[Items listed in a dataset]
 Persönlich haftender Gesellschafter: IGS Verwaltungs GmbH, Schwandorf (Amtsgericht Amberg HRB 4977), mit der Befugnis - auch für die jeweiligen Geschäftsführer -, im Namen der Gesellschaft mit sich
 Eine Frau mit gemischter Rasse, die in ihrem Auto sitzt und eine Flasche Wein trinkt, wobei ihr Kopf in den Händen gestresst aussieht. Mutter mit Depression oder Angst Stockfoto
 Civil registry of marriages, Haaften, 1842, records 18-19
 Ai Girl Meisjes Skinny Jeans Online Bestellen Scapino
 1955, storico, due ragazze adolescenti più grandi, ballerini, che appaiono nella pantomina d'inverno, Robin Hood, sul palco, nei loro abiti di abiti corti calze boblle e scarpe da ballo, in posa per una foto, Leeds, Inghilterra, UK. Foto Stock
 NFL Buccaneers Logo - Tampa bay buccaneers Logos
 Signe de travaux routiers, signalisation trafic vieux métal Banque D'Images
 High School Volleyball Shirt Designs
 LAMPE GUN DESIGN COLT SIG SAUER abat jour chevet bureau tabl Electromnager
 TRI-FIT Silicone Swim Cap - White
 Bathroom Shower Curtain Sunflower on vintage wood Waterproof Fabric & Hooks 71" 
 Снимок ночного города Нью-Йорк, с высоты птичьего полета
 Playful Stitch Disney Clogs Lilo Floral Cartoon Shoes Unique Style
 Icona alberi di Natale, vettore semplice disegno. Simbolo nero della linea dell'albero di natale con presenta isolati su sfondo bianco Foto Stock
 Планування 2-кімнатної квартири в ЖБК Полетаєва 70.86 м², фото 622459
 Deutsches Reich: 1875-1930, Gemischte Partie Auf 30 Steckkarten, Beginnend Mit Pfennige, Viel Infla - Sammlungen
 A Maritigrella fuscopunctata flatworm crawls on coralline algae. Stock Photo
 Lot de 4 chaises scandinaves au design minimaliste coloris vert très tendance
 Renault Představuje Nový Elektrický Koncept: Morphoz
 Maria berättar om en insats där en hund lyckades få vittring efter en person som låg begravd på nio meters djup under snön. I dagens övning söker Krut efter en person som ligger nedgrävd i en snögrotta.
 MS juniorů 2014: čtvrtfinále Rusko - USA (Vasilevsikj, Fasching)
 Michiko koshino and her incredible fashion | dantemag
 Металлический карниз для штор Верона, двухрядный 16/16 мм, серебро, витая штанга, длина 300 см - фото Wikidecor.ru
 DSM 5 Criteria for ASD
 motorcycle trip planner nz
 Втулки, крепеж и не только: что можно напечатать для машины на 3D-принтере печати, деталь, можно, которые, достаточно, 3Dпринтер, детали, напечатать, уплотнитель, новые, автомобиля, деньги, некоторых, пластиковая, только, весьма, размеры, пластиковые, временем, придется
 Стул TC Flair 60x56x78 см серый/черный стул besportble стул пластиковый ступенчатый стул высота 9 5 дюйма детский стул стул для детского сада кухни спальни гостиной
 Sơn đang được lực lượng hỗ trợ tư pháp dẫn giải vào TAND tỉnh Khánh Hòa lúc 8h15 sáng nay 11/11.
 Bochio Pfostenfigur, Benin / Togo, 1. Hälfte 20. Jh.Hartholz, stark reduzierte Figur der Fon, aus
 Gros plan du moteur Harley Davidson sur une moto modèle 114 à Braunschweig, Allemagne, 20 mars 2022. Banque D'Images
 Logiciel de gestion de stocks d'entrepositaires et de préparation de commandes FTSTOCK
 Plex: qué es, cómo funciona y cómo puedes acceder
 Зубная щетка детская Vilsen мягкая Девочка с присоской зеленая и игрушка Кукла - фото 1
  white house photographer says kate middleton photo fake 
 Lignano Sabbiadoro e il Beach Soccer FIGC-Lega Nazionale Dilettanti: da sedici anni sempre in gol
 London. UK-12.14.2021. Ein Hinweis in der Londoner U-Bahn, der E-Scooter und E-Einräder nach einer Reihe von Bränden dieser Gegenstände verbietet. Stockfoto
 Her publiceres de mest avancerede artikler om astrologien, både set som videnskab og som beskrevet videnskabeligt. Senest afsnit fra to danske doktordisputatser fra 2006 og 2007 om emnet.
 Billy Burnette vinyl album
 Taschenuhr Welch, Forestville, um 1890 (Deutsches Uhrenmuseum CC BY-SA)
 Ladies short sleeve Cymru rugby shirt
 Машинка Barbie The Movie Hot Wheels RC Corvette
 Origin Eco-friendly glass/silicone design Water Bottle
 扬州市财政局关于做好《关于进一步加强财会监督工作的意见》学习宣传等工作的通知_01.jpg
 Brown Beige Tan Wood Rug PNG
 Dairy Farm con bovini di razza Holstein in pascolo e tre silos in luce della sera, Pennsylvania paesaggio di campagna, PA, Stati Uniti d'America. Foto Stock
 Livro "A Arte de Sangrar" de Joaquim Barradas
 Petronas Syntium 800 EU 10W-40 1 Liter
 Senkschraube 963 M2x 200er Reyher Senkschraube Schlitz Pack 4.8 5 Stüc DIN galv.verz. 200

§ Work item:
Every line above from the line with "London. UK-12.14.2021. Ein" to the line with "Billy Burnette vinyl album", inclusive, must be returned exactly; no other line belongs in the reply.

§ Response area:
 London. UK-12.14.2021. Ein Hinweis in der Londoner U-Bahn, der E-Scooter und E-Einräder nach einer Reihe von Bränden dieser Gegenstände verbietet. Stockfoto
 Her publiceres de mest avancerede artikler om astrologien, både set som videnskab og som beskrevet videnskabeligt. Senest afsnit fra to danske doktordisputatser fra 2006 og 2007 om emnet.
 Billy Burnette vinyl album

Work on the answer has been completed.